### What is needed:
One exact copy of the listing, minus the images, is the required answer.

### Information provided:
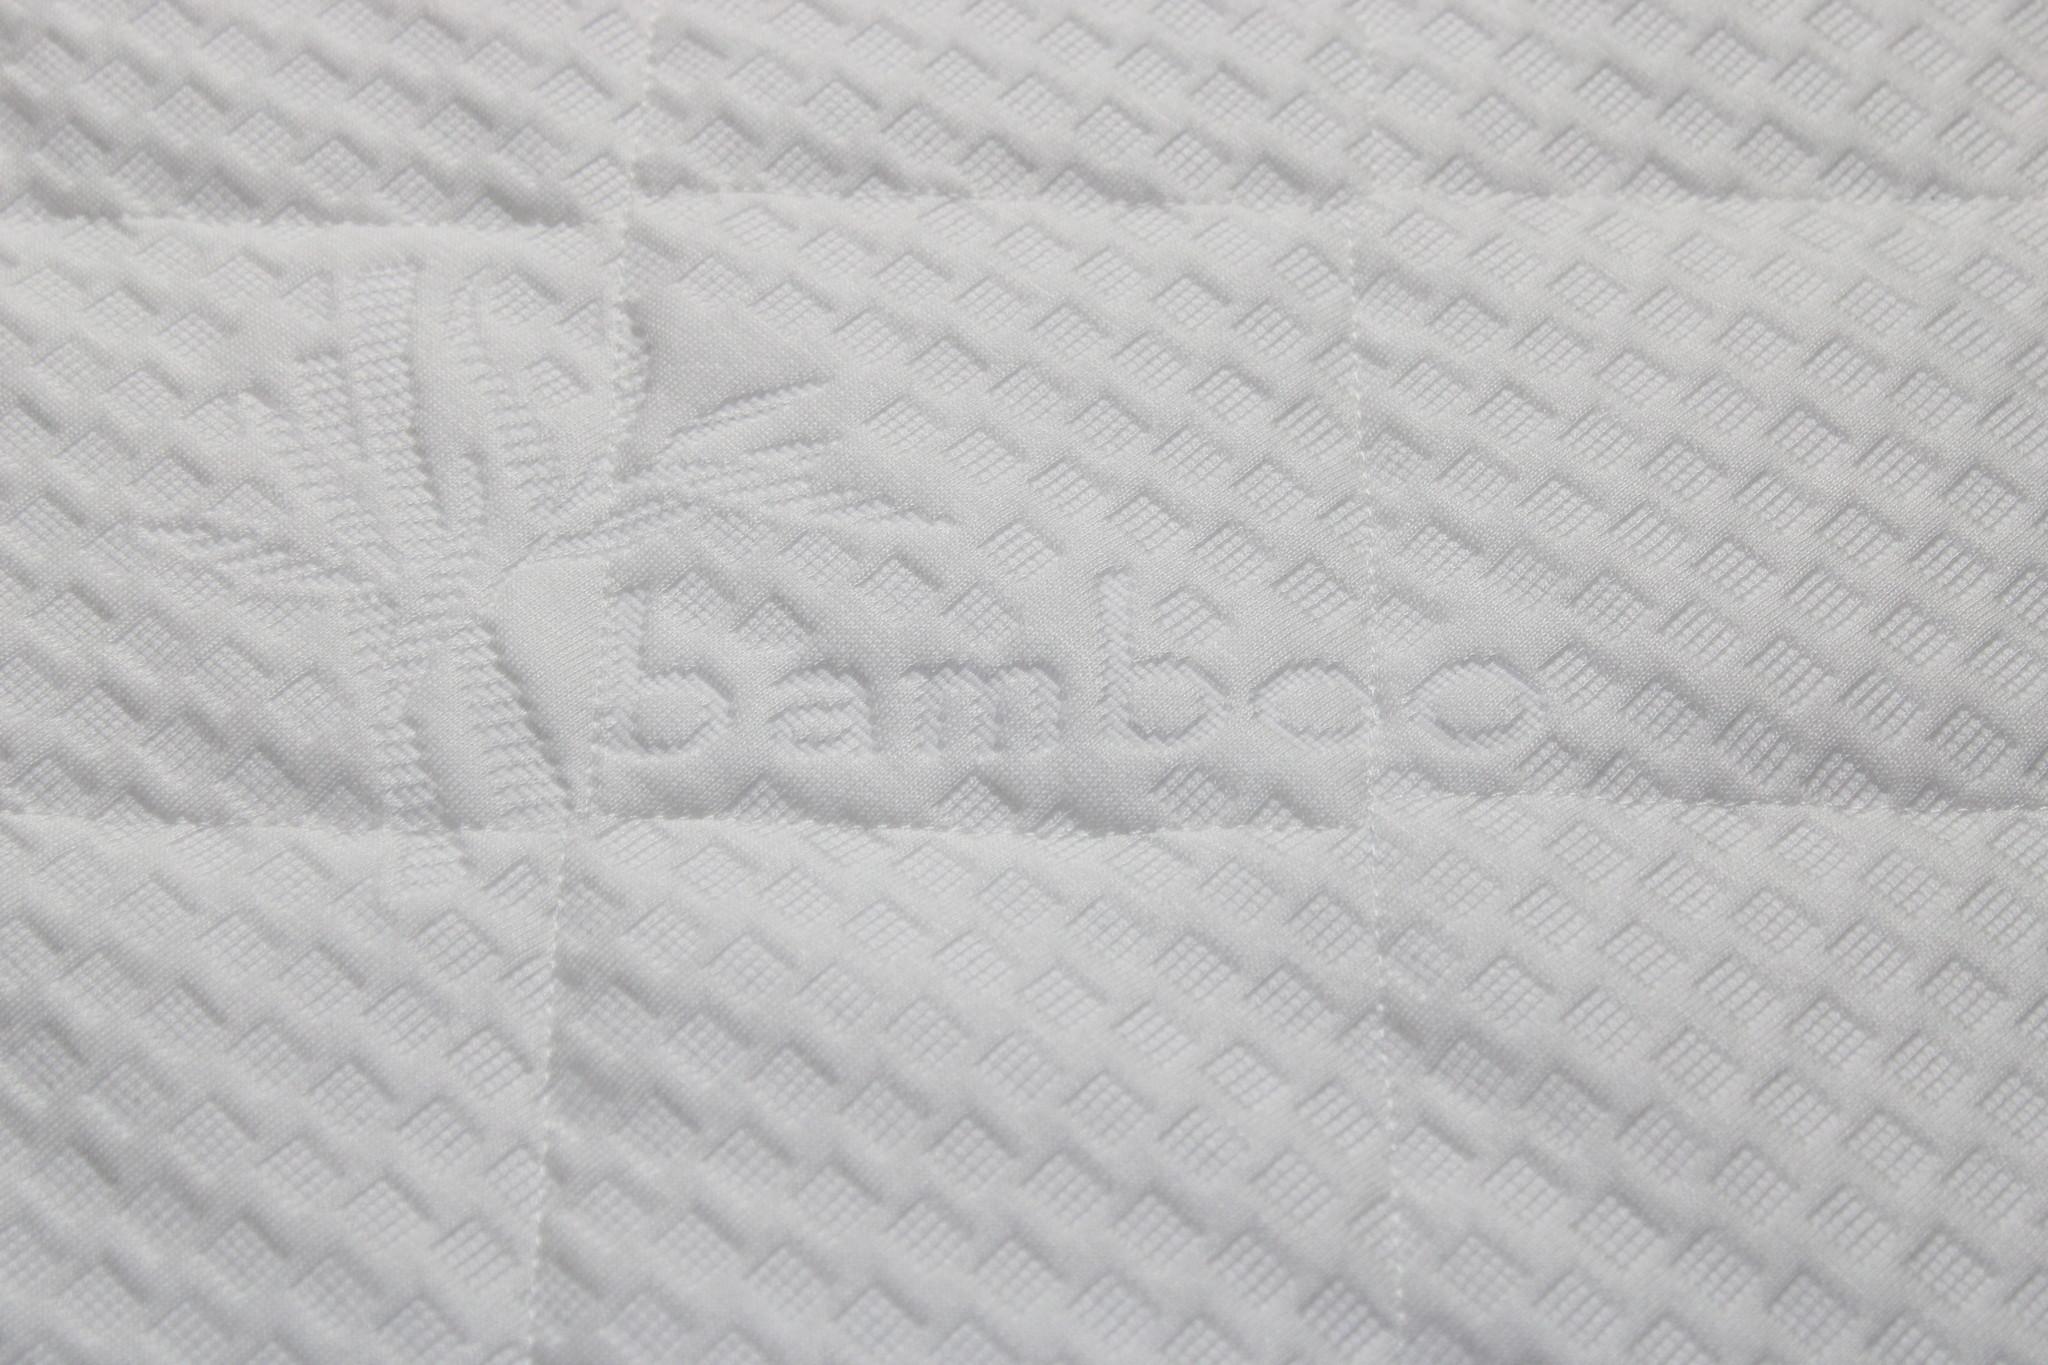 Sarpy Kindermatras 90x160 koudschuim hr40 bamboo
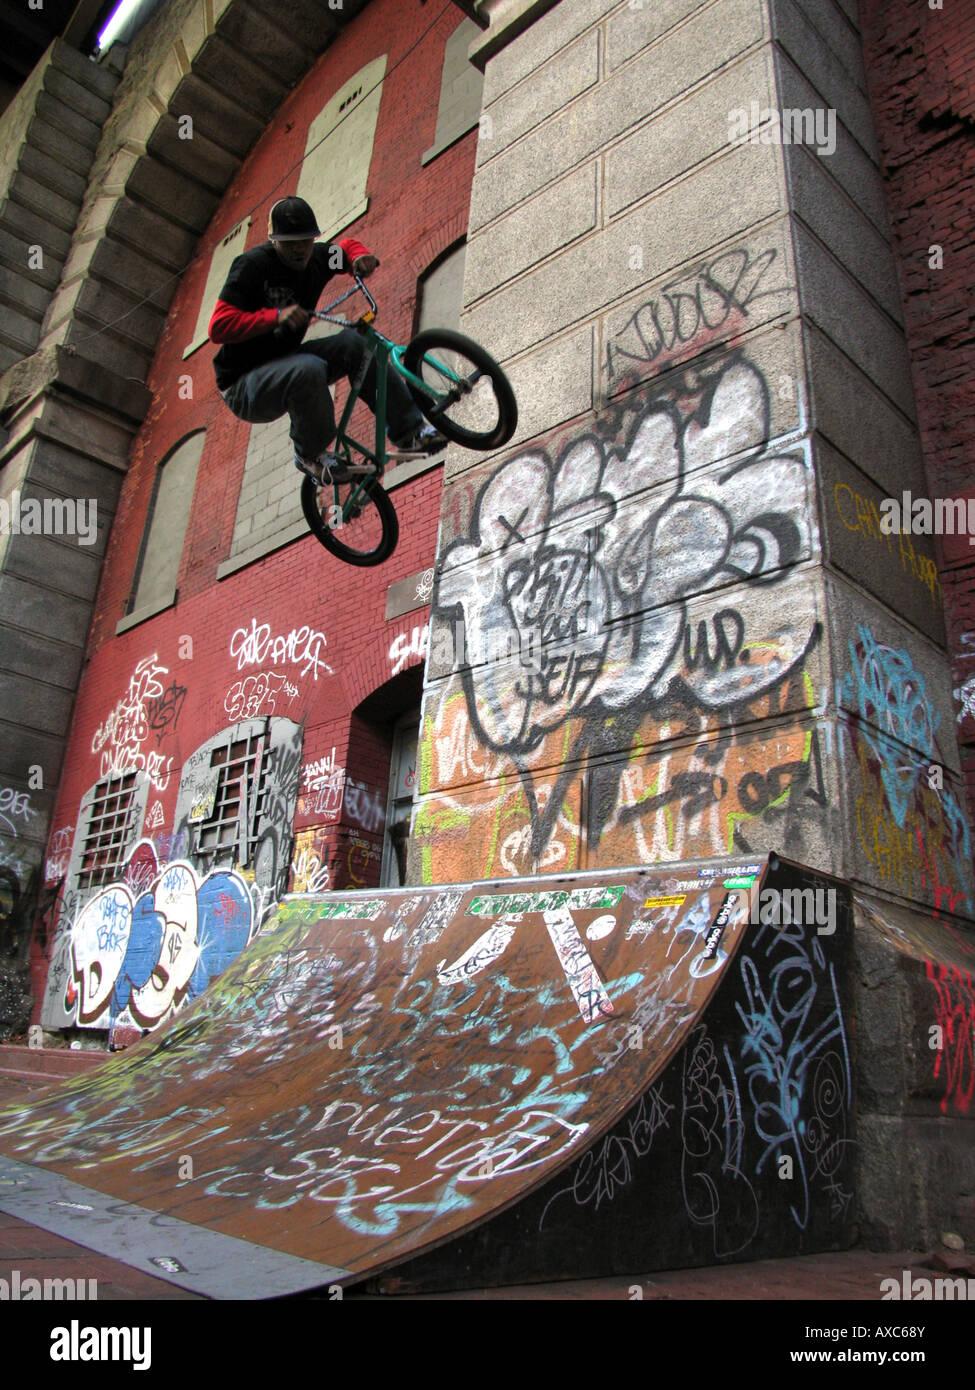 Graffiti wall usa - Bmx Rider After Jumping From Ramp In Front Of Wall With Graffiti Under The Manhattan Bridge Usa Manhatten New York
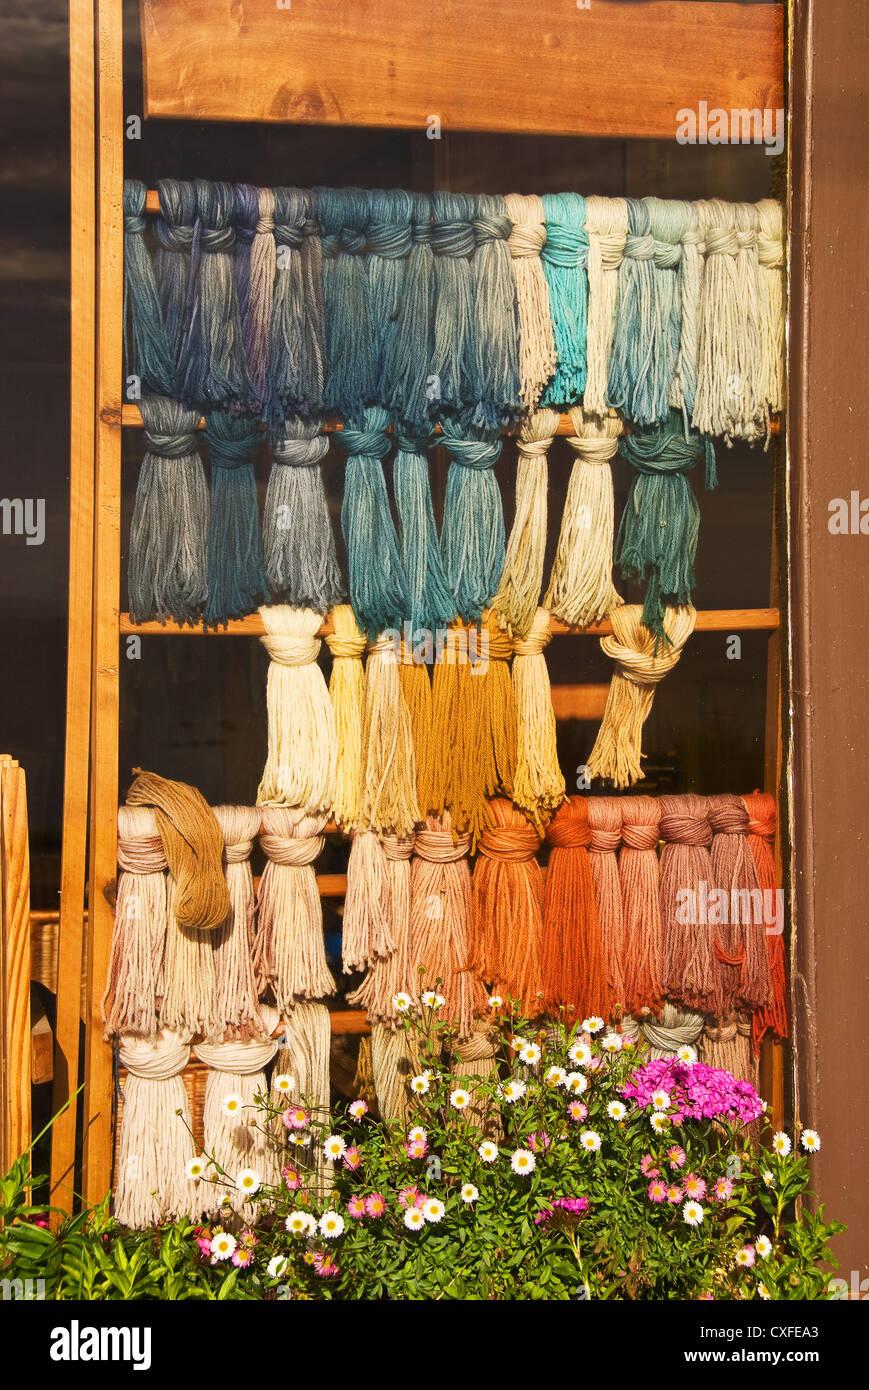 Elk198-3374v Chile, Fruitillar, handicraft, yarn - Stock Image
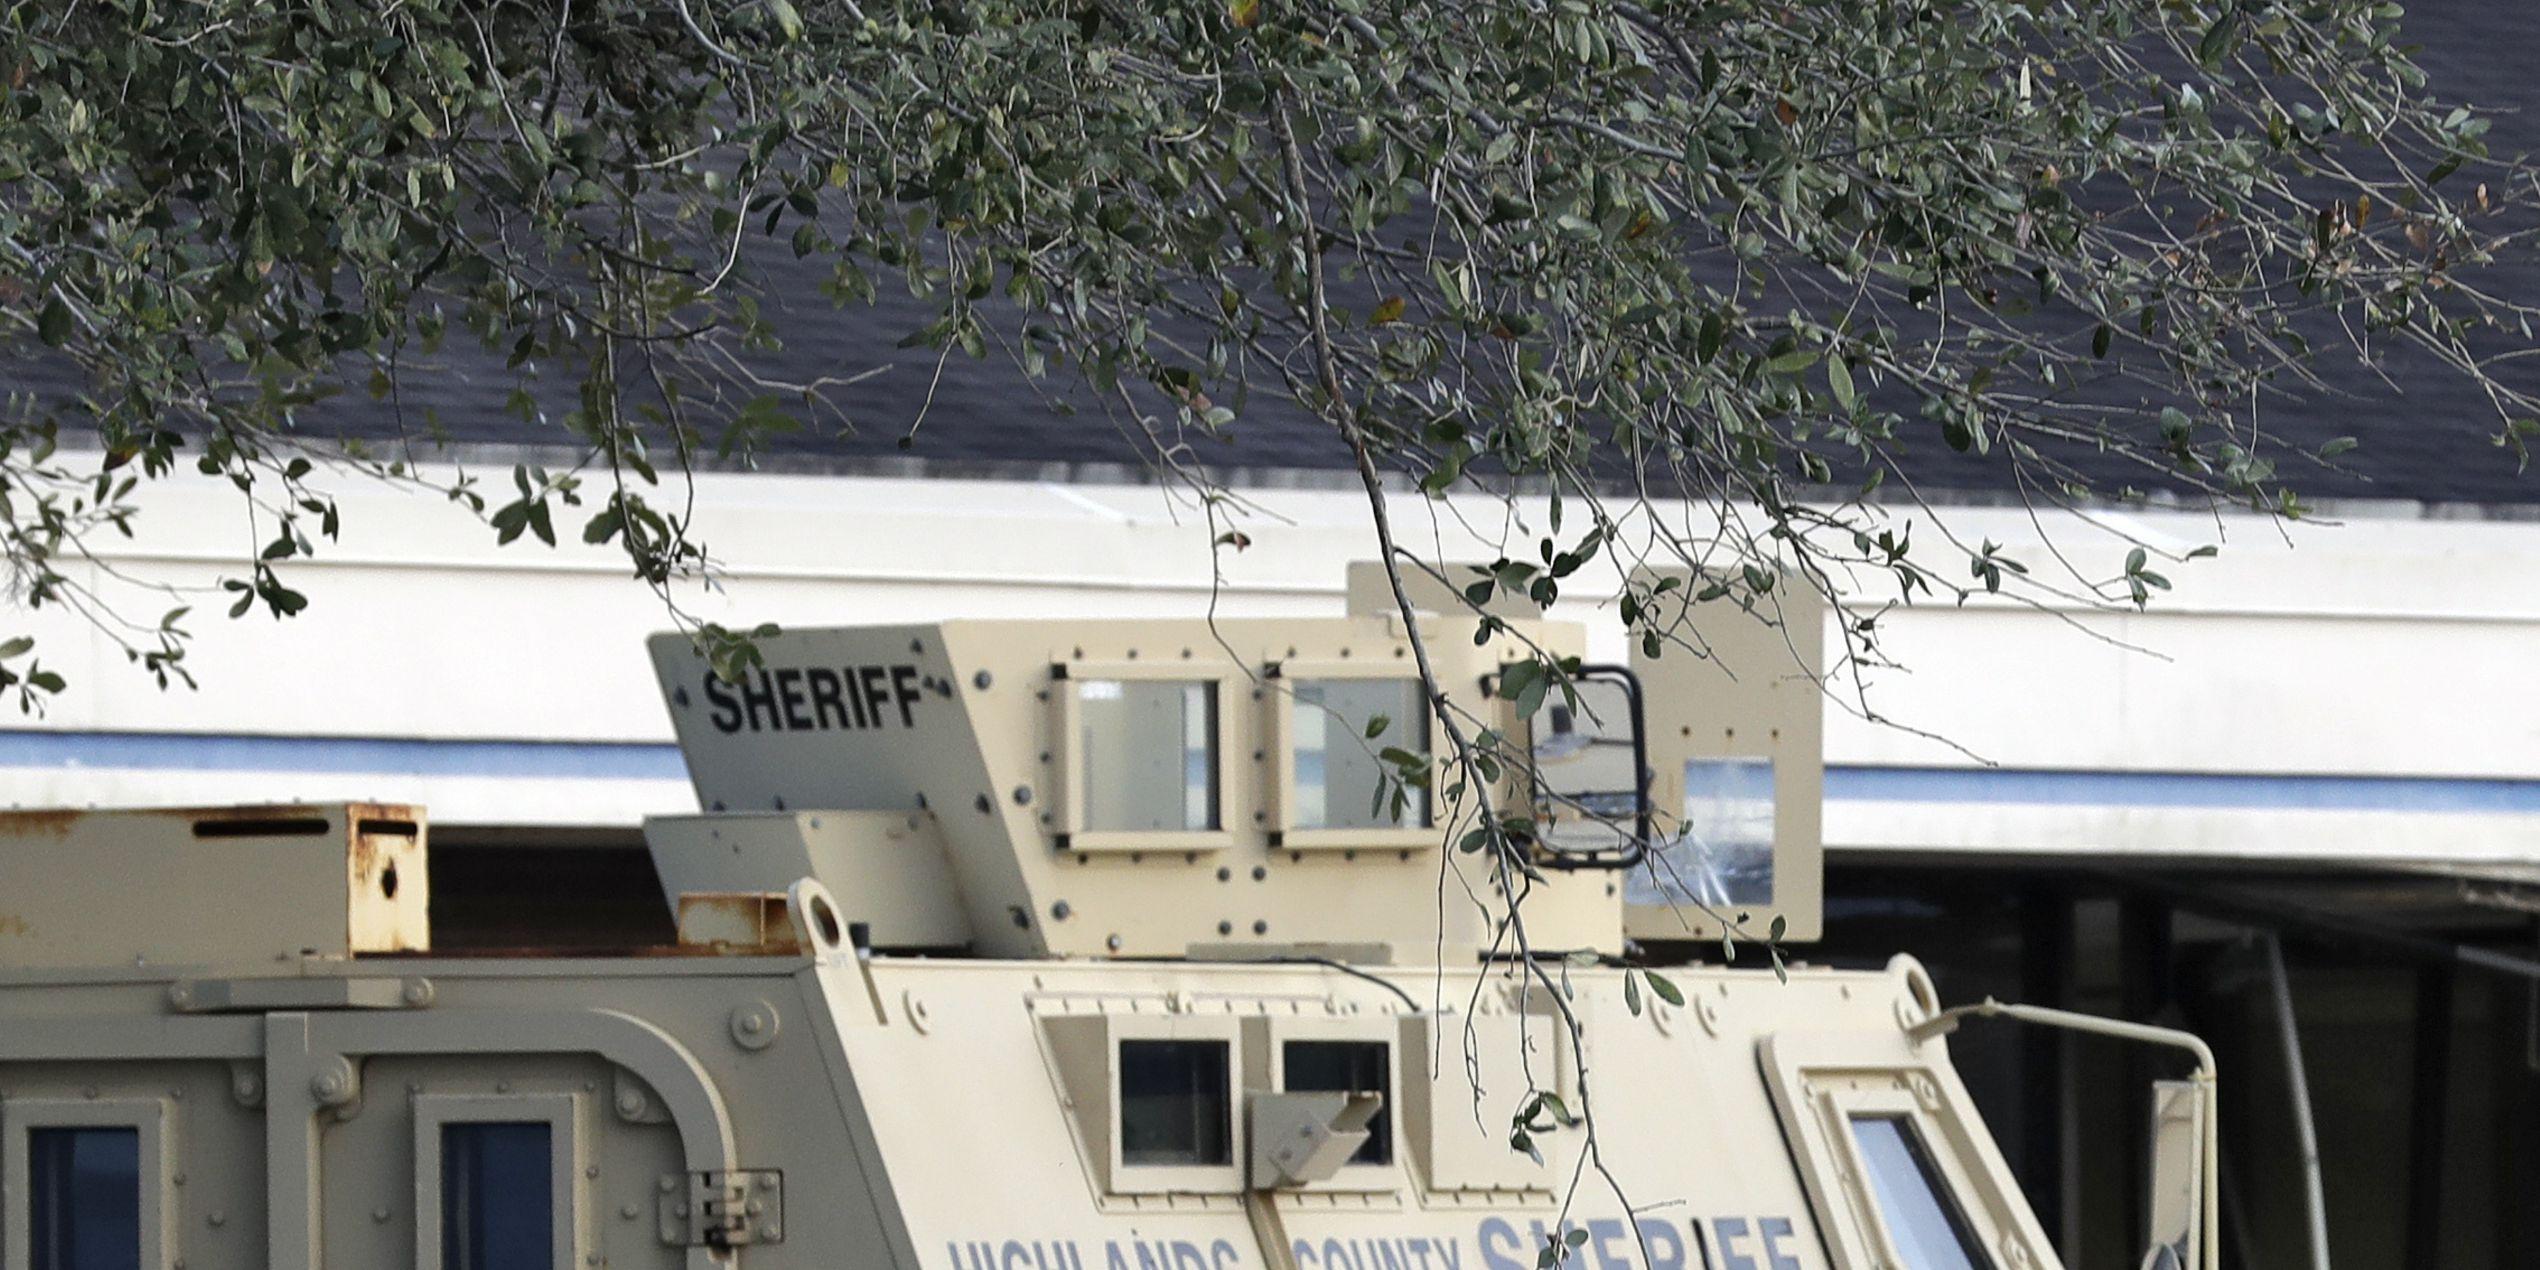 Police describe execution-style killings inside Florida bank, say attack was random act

### Result of the exercise:
 Sarpy Kindermatras 90x160 koudschuim hr40 bamboo
 Graffiti wall usa - Bmx Rider After Jumping From Ramp In Front Of Wall With Graffiti Under The Manhattan Bridge Usa Manhatten New York
 Elk198-3374v Chile, Fruitillar, handicraft, yarn - Stock Image
 Police describe execution-style killings inside Florida bank, say attack was random act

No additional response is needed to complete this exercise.